Task directions:
Of the lines in the material below, print only those from the one containing "60 live star tortoises seized at KIA" to the one containing "Toshiba RAV-SM2242DT-TR Indoor", ends included, exactly as written and without pictures.
[[ Data in this exercise, beginning ]]
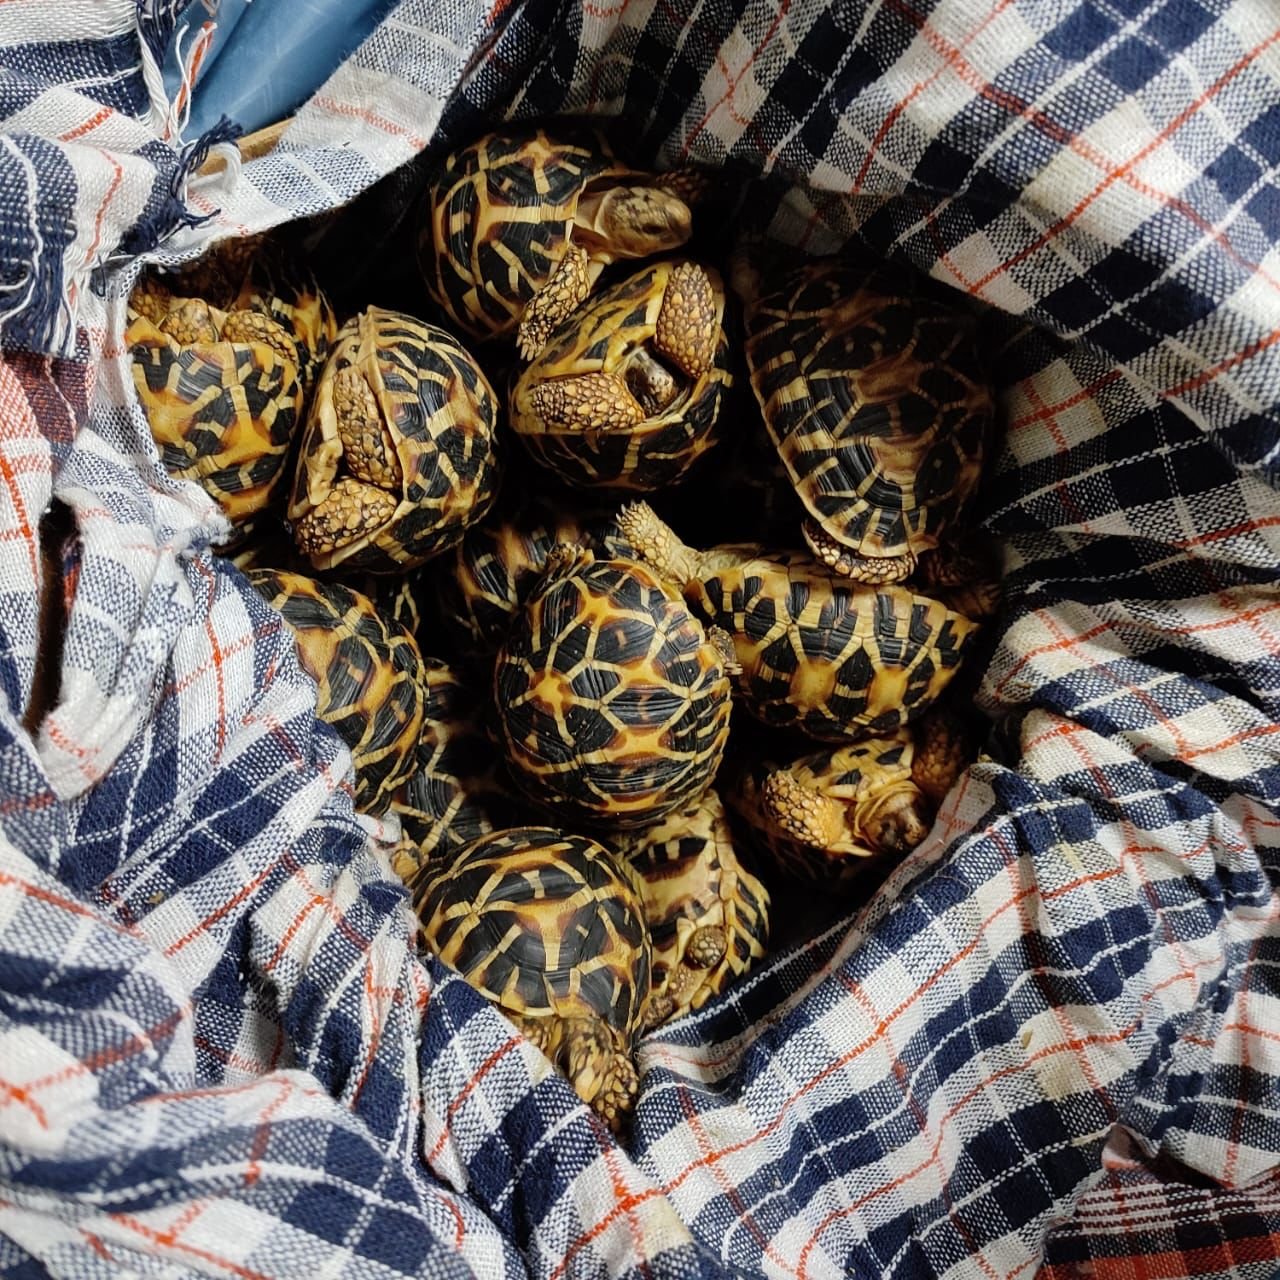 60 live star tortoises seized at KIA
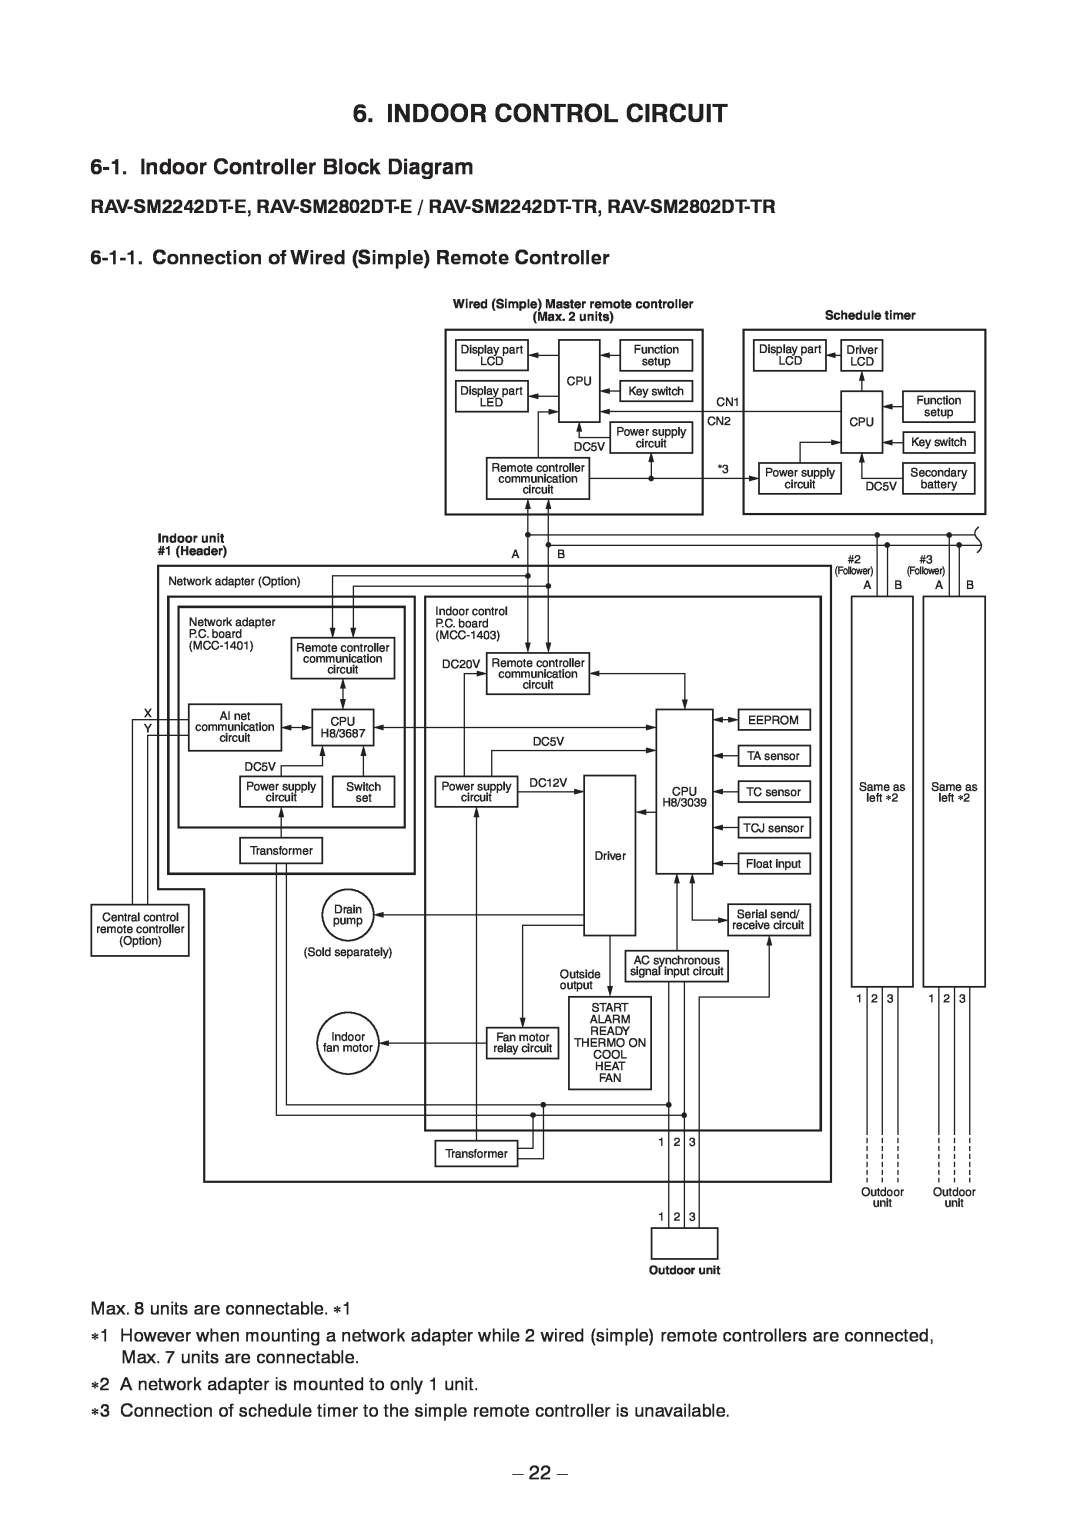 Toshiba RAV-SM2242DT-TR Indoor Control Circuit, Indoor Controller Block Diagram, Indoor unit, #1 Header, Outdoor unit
[[ Data in this exercise, end ]]
[[ Data in this exercise, beginning ]]
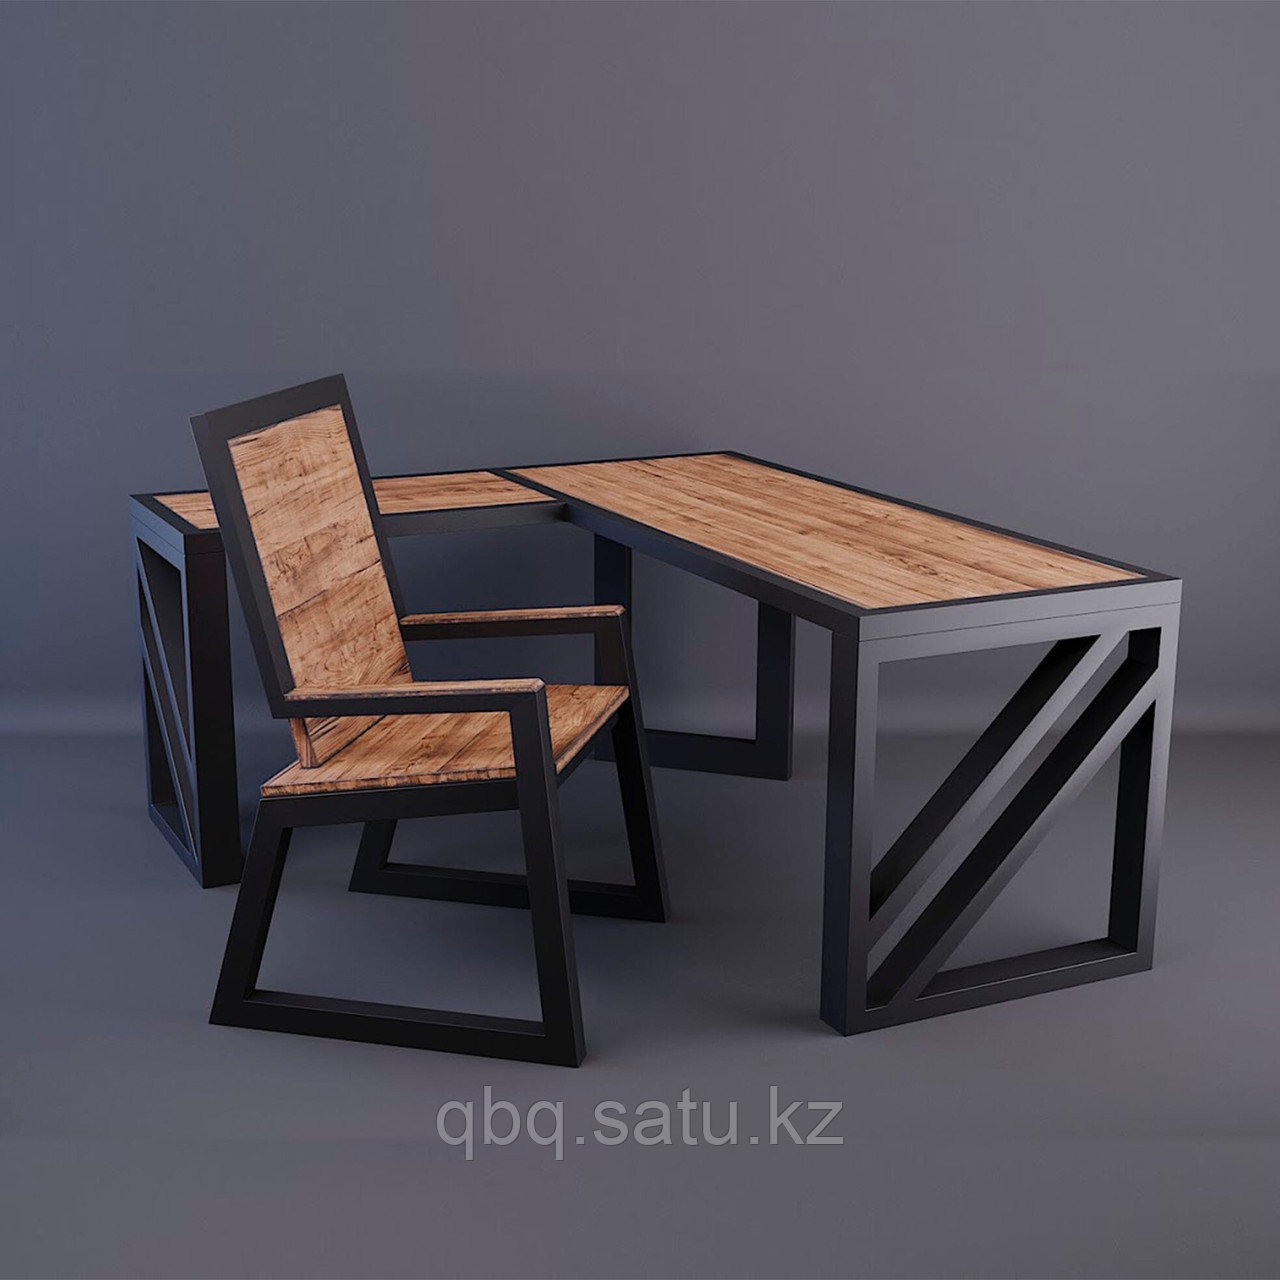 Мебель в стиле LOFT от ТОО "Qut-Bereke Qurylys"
[[ Data in this exercise, end ]]
Answer to this problem:
 60 live star tortoises seized at KIA
 Toshiba RAV-SM2242DT-TR Indoor Control Circuit, Indoor Controller Block Diagram, Indoor unit, #1 Header, Outdoor unit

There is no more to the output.